UC San Diego
Justice and Its Others: On the Politics of Redress for Japanese Latin Americans
- Author(s): Kozen, Cathleen Kiyomi
- Advisor(s): Espiritu, Yen
- et al.
In 2013, the Civil Liberties Act (CLA) of 1988, the U.S. government legislation which provided for a formal apology and a payment of $20,000 to each surviving Japanese American citizen and Japanese resident alien interned during World War II, celebrated its twentieth-fifth anniversary. Indeed, since its passage, the CLA has been upheld as a piece of “landmark legislation”—a precedent and even a model for subsequent redress and reparations movements; these are movements not only within the U.S. but around the world. Still, I find that the so-called “success” of Japanese American redress remains haunted—haunted by the memories of the 2,264 Japanese Latin Americans (JLAs) who were, in effect, kidnapped upon U.S. order by the governments of thirteen Latin American countries and brought to U.S. concentration camps whereby hundreds were then used in a U.S. hostage exchange program with Japan. Despite their efforts, these internees were denied recognition under the CLA and only after filing a class-action lawsuit against the U.S. government in 1998 were offered a sum of just $5,000. This dissertation maps the varied discourses marking the subsequent attempts at governmental redress for the JLA deportation and internment program over the last thirty some years. Probing the question of historical justice for racialized state violence within the overlapping contexts of U.S. empire and international human rights regimes, it asks: What are the transformative possibilities and limits of “redress” as the late-modern paradigmatic logic for racial/social justice, including its underlying liberal humanist ethicality of violence, redemption and justice? What does this case in particular open up in terms of the politics of knowledge and historical justice concerning U.S. global reach and hegemony in the Americas and U.S. empire more broadly at the current global historical moment?
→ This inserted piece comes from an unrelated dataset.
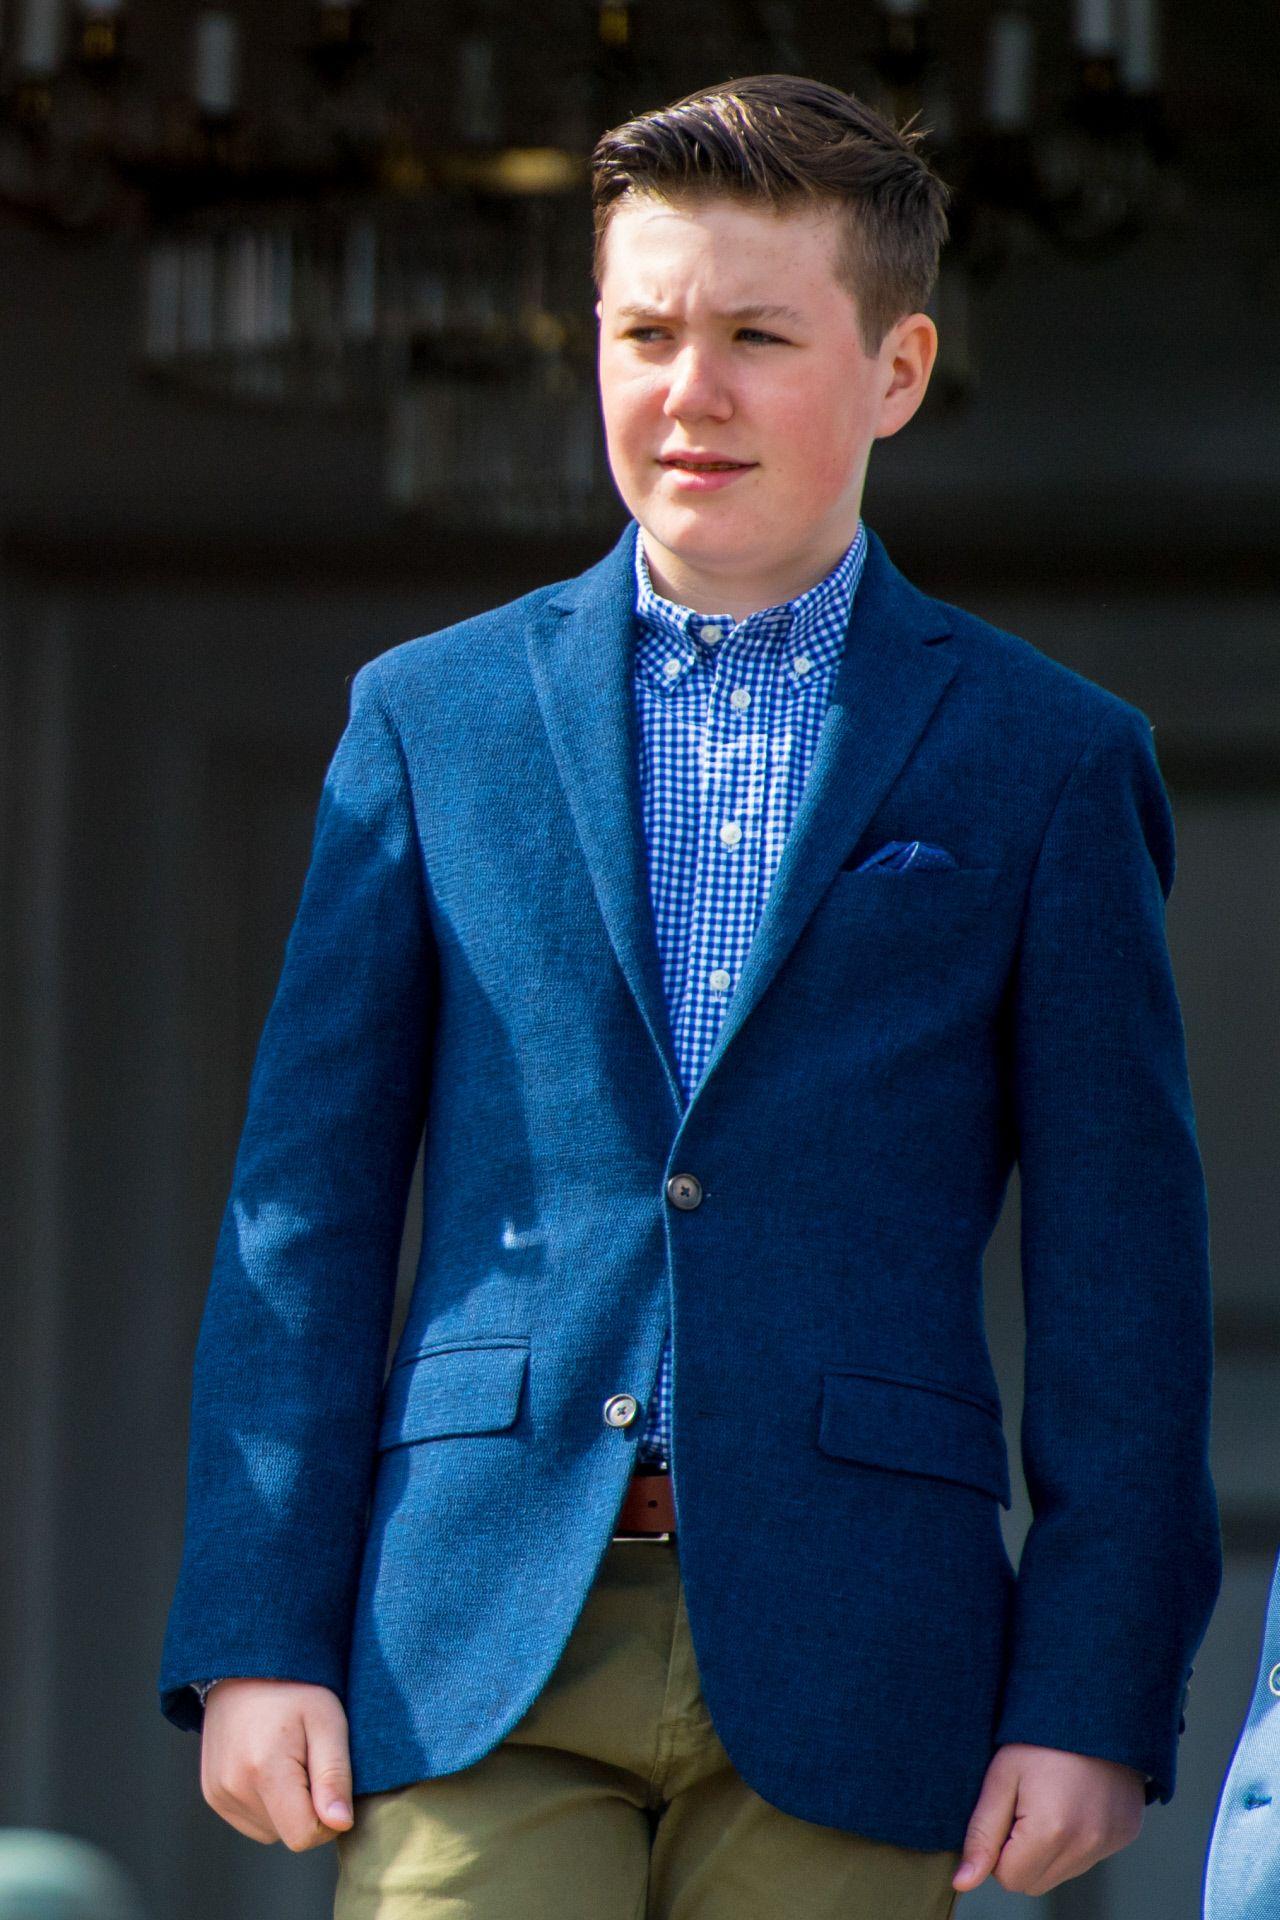 El príncipe Christian se ha convertido en un tierno adolescente
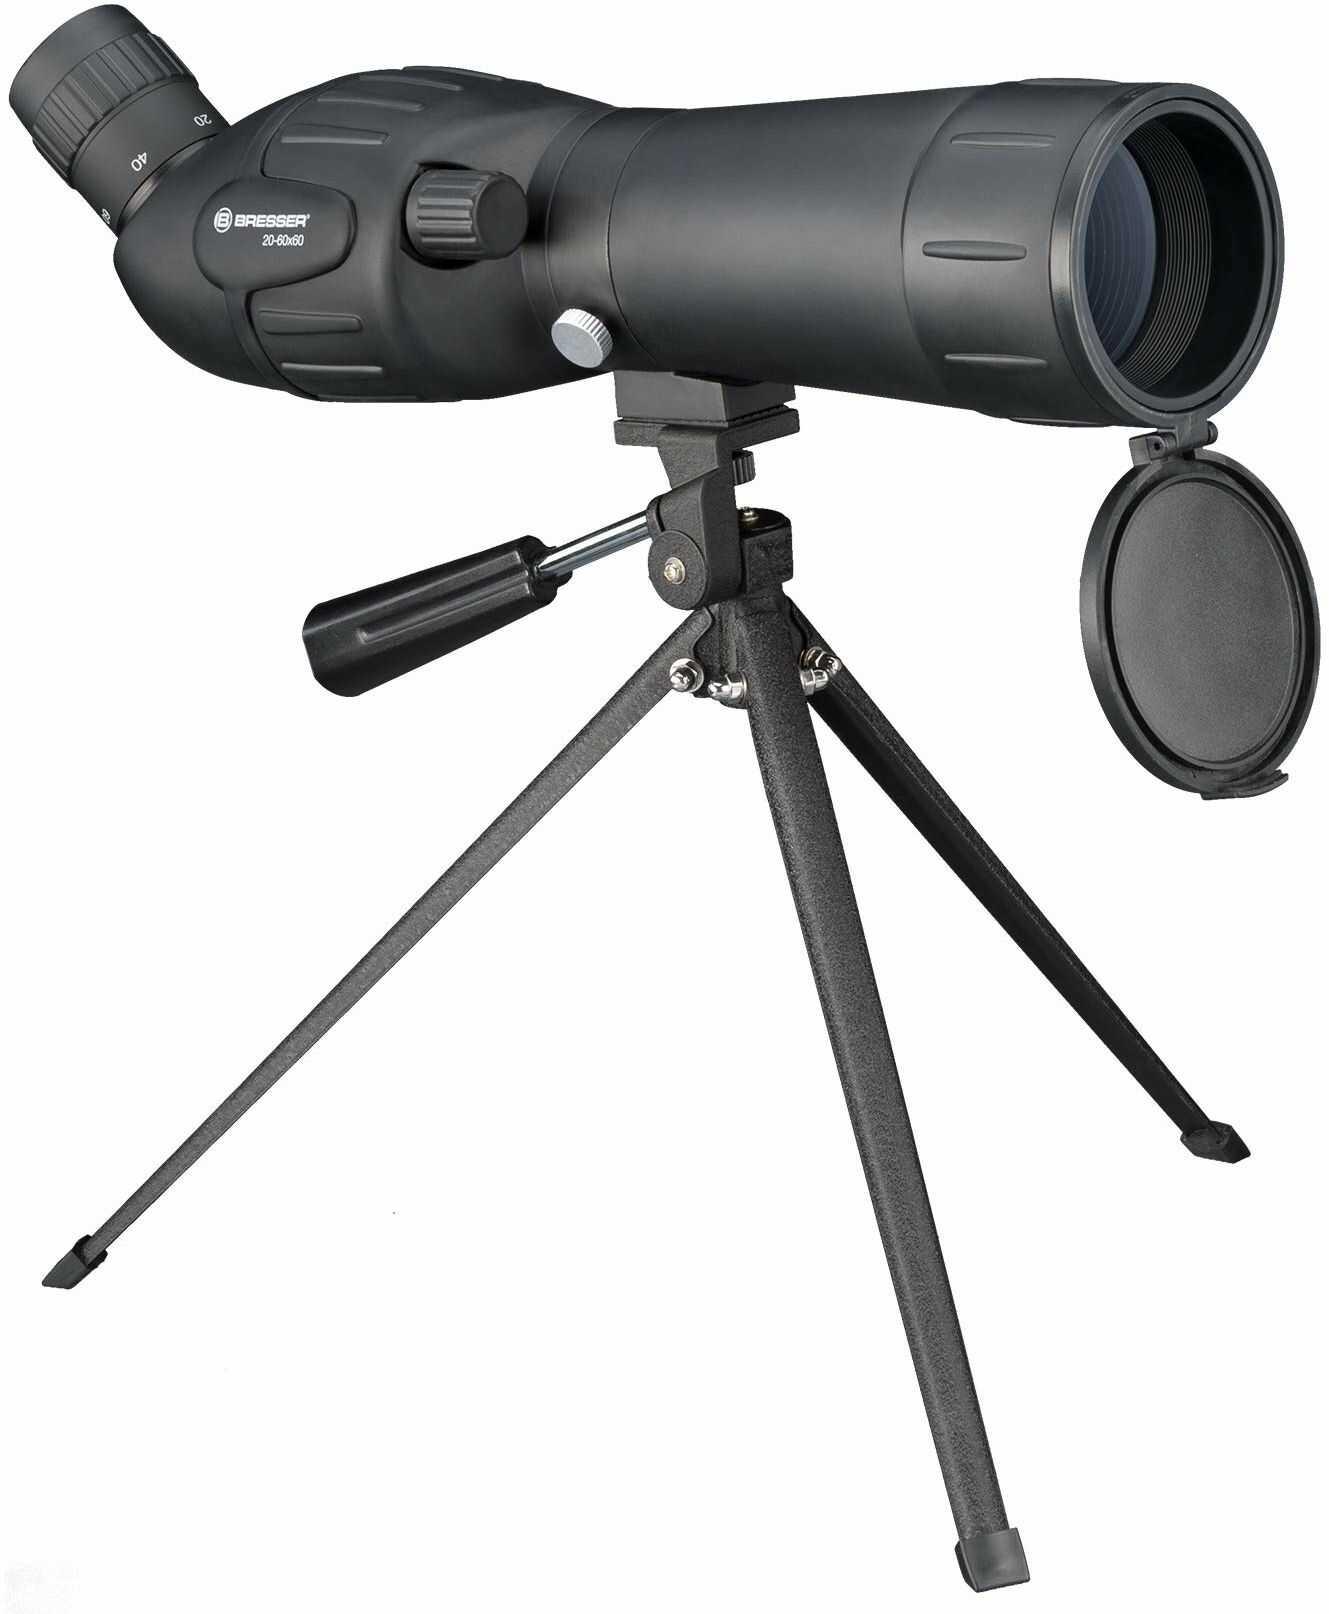 Bresser Junior Spektiv Spotty Luneta Przybliżająca x60, Czarny, 50mm

Ultimately, this project, deploying a rigorously interdisciplinary approach, both illuminates the very paradigmatic violence of redress as late-modern juridical justice, including its formative role as a fundamental condition of U.S. empire since the end of the cold war, and, at the same time, reveals the very paradigmatic productivity of such violence—its opening up of alternative imaginings and praxis of justice located not within the law itself but precisely in its critique and deconstruction.